КалейдоскопЪ

СВОИМ ПОРЯДКОМ

В любезном отечестве события совершаются своим порядком.

Чтоб ярче ознаменовать, насколько новый министр внутренних дел враждебен всяким исключительным положениям, – так он заявил представителям печати, – Москва объявлена на военном положении, т.-е. наиболее исключительном из всех возможных. Сенатор Крашенинников,[165] великий судебный «ликвидатор» событий революции, подводит один, в тиши, без переписчиков и при спущенных шторах, итоги московскому погрому, организованному градоначальником Адриановым[166] против внутренних немцев, оказывающихся на поверку евреями. Но еще не въелись как следует быть в бумагу тайные сенаторские письмена, как Хвостов[167] призывает Адриановых всех губерний и областей России к повсеместному устройству погромов, объявляя к их руководству, что стачки и волнения устраиваются немецкими агентами на немецкие деньги.

Все идет своим предопределенным порядком в нашем отечестве. Один из министров разъяснил любопытному сотруднику «Русского Слова», что теперь нет надобности в созыве Думы: «такая необходимость значительно (!) ощущалась в июле, когда положение на фронте было несколько (!) неблагоприятно, ныне же этот мотив, к счастью, отсутствует». Так как несчастная Сербия отвлекла на себя часть немецких сил, то монархия, пользуясь военными каникулами, может продлить парламентские каникулы Государственной Думы. При этом не может быть, разумеется, и речи об удовлетворении финляндских ходатайств на счет созыва сейма: «его заседания, ввиду перерыва сессий палат, давали бы повод думать, – по разъяснению г.г. министров, – что Финляндия находится в привилегированном положении». А наши Хвостовы являются, как известно, непримиримыми противниками всяких привилегий и всякого неравенства. По этой самой причине «оставлена без последствий» жалоба последнего финляндского сейма на то, что центральное правительство распоряжается без согласия сейма штатным фондом. Было бы поистине противоестественным вводить для финнов «исключительный режим» законности – сейчас, когда немцы у Риги и Двинска не движутся вперед.

Правда, на Балканах дела идут из рук вон плохо. Но на что же существуют «союзники»? Не одним только проливам, но и Египту и Индии грозит ныне немецкая опасность. Стало быть, еще жить можно.

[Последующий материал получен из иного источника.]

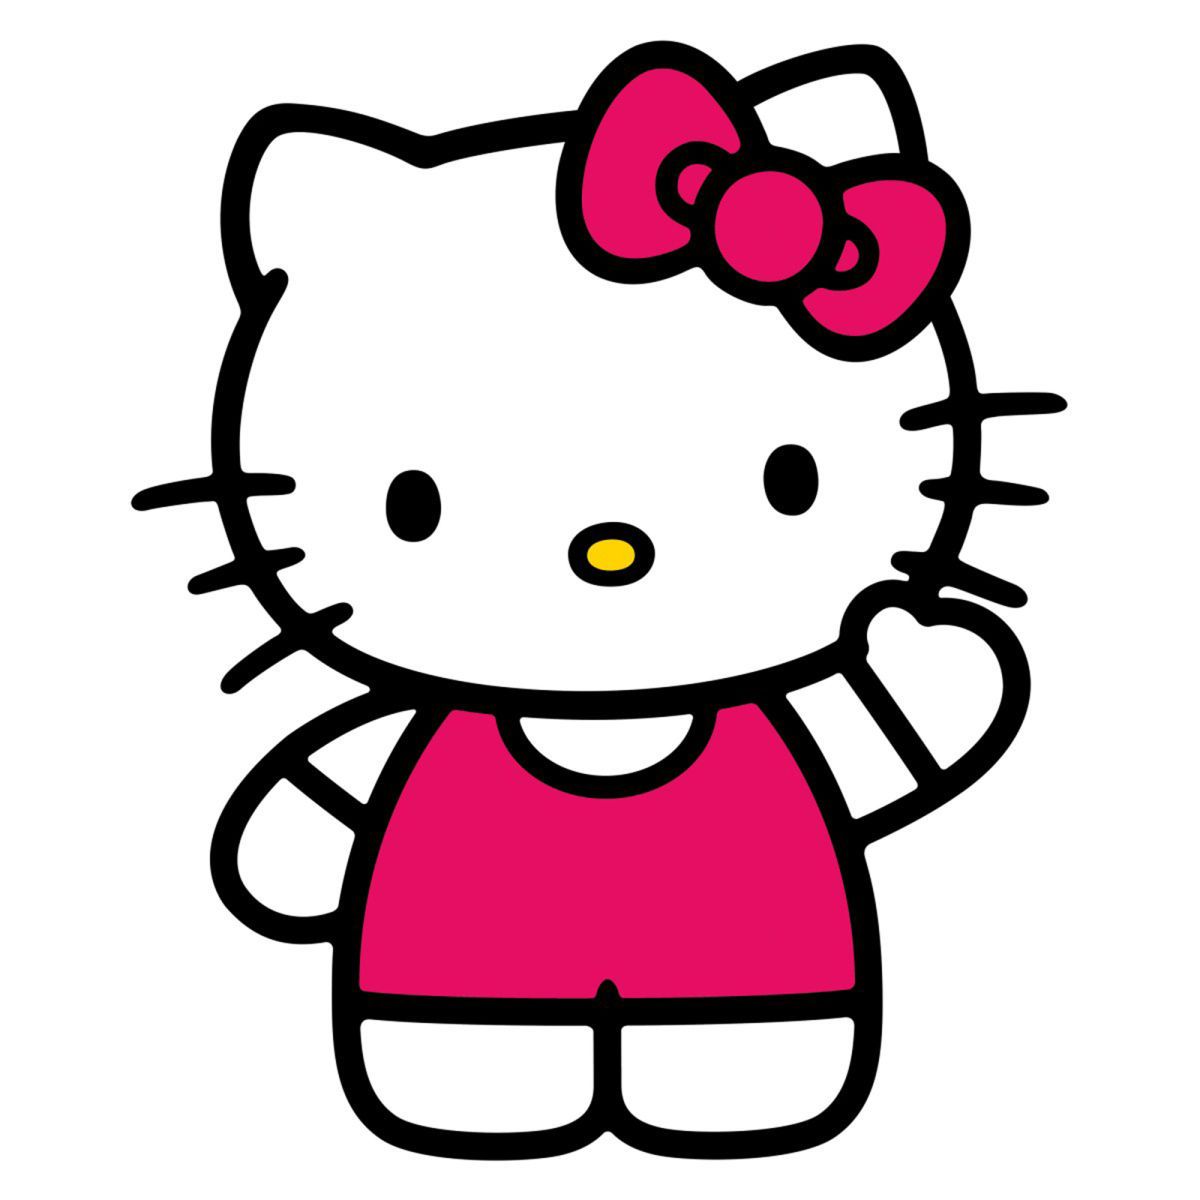 Hello Kitty Movie Coming Out in 2019

Правда, Сазонов,[168] обещавший 8 августа 1914 г. «не посрамить земли русской», ныне не без сраму уходит в отставку. Но зато в сан канцлера возводится Горемыкин.[169] Его бакенбарды должны отныне еще более символически свидетельствовать о том, что во внешней политике, как и во внутренней – все пойдет своим порядком.

Но Горемыкин – символ. Фактически министерство стоит под знаком хвостовщины. Премьер – Хвостов, один из двух Хвостовых, но какой: племянник или дядя? Если государственно-светский дядя – это значит черносотенство, полуприкрытое юридическими формами; если царски-народный племянник – это значит черносотенство оголтелое, базарное, демагогическое.

Но дядя, в качестве премьера, был бы во всяком случае только шагом к племяннику или только временным прикрытием для государственных трудов Хвостова младшего. Звезда последнего горит на небосводе царизма, союзника двух западных «демократий». Какое великолепное сближение: новое министерство республики, с бывшими социалистами во главе, с Гедом,[170] Самба и Тома[171] в резерве, получает «союзный» привет от царского правительства за подписью истинно-русского «союзника» Хвостова!

«Наше Слово» N 232, 5 ноября 1915 г.